On KMSP, Senator Amy Klobuchar says the bill is a necessary move to clean up America’s food supply. She says the bill is even good for businesses. Corporations like Hormel and Schwans are already behind it.
SEN. AMY KLOBUCHAR (D-Minn.): “And you look at some of the bad actors like that peanut butter plant out in Georgia, what happened here was that there were no inspections, no requirements for them to keep their documents together, and so we’ve really upgraded our food safety system.”
The bill received unusually bipartisan support. And an economics professor tells Fox Business there's more to the story than tainted peanut butter.
WALTER WILLIAMS: “I think in a large measure, this bill is being pushed by large food processors to get a competitive advantage over their smaller competitors.”
ANDREW NAPOLITANO: “Half the Republicans in the Senate voted for this.
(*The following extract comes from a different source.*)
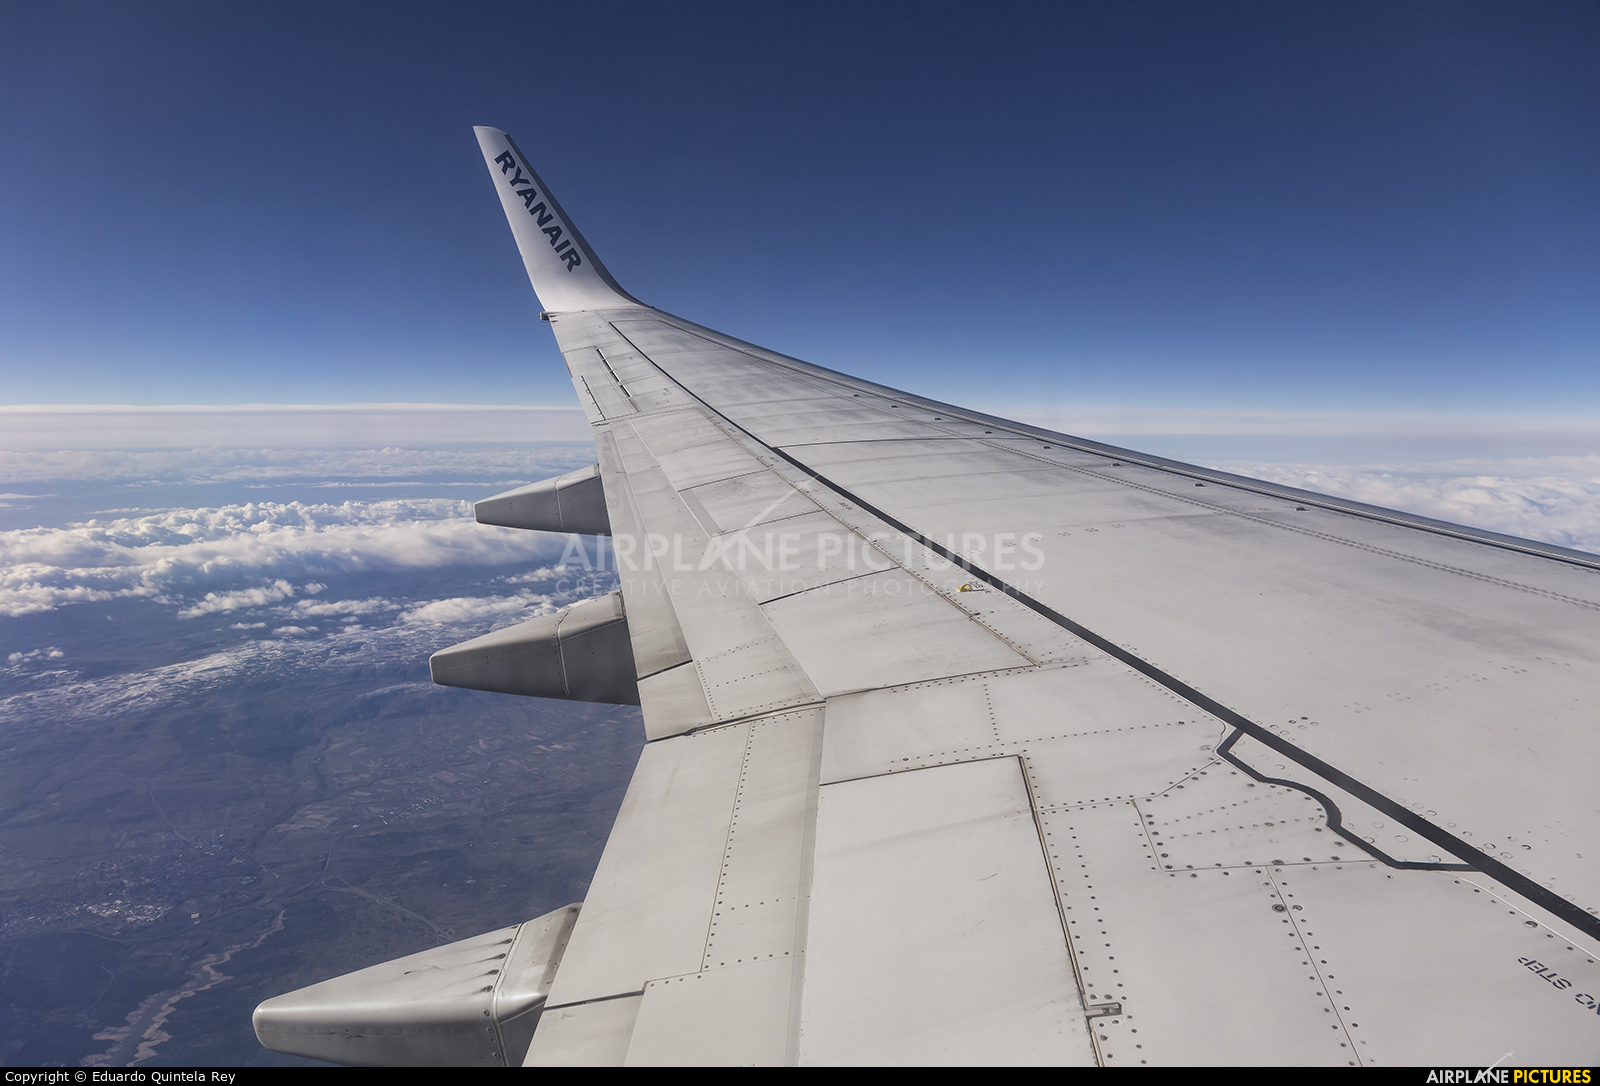 Ryanair EI-DWC aircraft at In Flight - Spain

I don’t know if they represent these districts or states with large agro-conglomerates in them.”
The House passed its own version of the food safety bill earlier this year. Food safety advocates prefer the House’s version since it gives more money for inspections, but The New York Times says both versions may cause some bureaucratic confusion.
“Neither would consolidate overlapping functions at the Department of Agriculture and nearly a dozen other federal agencies... leaving coordination among the agencies a continuing challenge.”
So what do you think? Time to clean up America’s pantry? Or will more government regulation sour business?